A lot of people think relationships fail because of one huge betrayal or incompatibility. But many relationships actually erode slowly through tiny repeated moments: defensiveness, contempt, emotional withdrawal, feeling unheard, unresolved resentment, emotional invalidation, etc.

One of the most useful communication tips I learned is catching the spiral EARLY. The moment conversations become defensive, cold, sarcastic, or emotionally flooded, your goal should stop being “winning.” Your goal becomes emotional repair. Even simple things like “same team,” “can we pause for 20 minutes and come back calmer,” or “I understand why you feel that way” genuinely change the trajectory of arguments.

Another thing that changed my perspective was learning how important emotional safety is. Assuming good intent prevents so many unnecessary fights. If your partner does something annoying, asking “if they loved me and weren’t trying to hurt me, what else could this mean?” honestly rewires the interaction.

A few books/resources genuinely changed how I think about relationships and communication. The Seven Principles for Making Marriage Work is probably the most evidence-based relationship book I’ve read and explains concepts like the “Four Horsemen” and emotional repair incredibly well. Hold Me Tight helped me understand attachment theory and why conflict often comes from fear/disconnection underneath.

The Power of Vulnerability completely changed how I think about emotional openness and intimacy.
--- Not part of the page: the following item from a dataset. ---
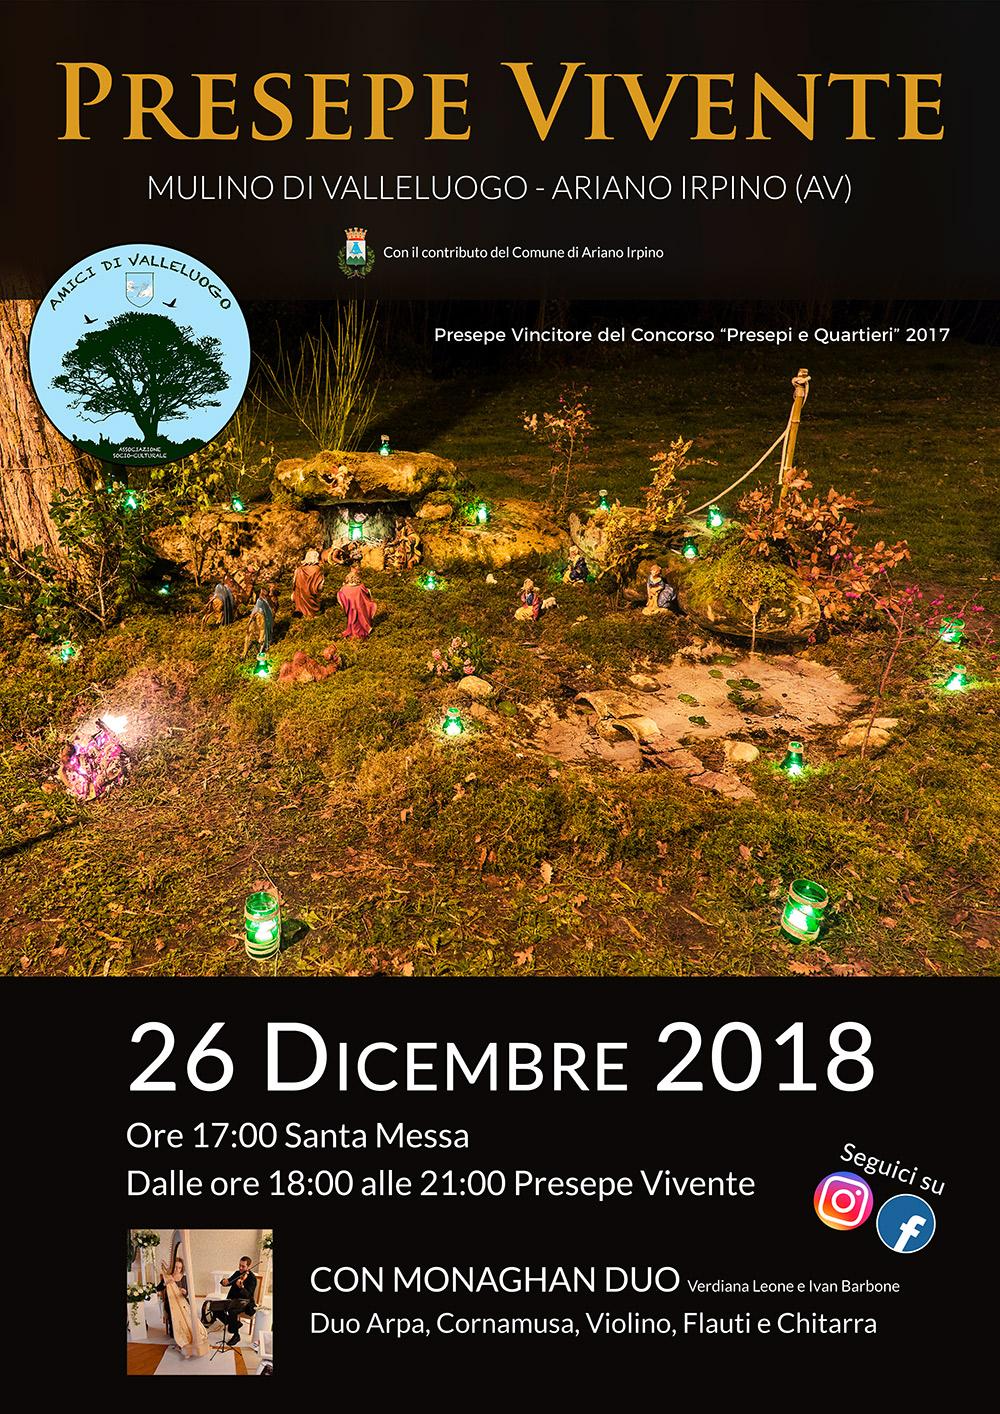 presepe vivente 2018 in Campania

Huberman Lab also has amazing episodes on attachment, stress, emotional regulation, and relationship neuroscience.

Honestly, if you have enough budget, I’d also recommend doing 2–3 sessions with a relationship coach or therapist together with your partner, even if things are “fine.” A lot of couples wait until resentment gets really deep before getting help. Gottman-trained therapists especially have a great reputation because their framework is heavily research-based.

Therapy near me is usually around $200–300/session, but even a few sessions can genuinely improve communication a lot. Another tool I would recommend is BeFreed. It’s a personalized relationship intelligence learning app where you can input your unique situation, communication struggles, goals, etc, and it builds a focused learning plan for you from psychology books, expert interviews, podcasts, neuroscience, and therapy concepts. I used to constantly save relationship content but rarely finish or apply it consistently, so this felt much more actionable and structured for me. I also love that it’s audio-first because I’m busy with work and can learn while commuting, at the gym, walking, or doing chores. You can also customize the lesson depth/lens and even the voice settings.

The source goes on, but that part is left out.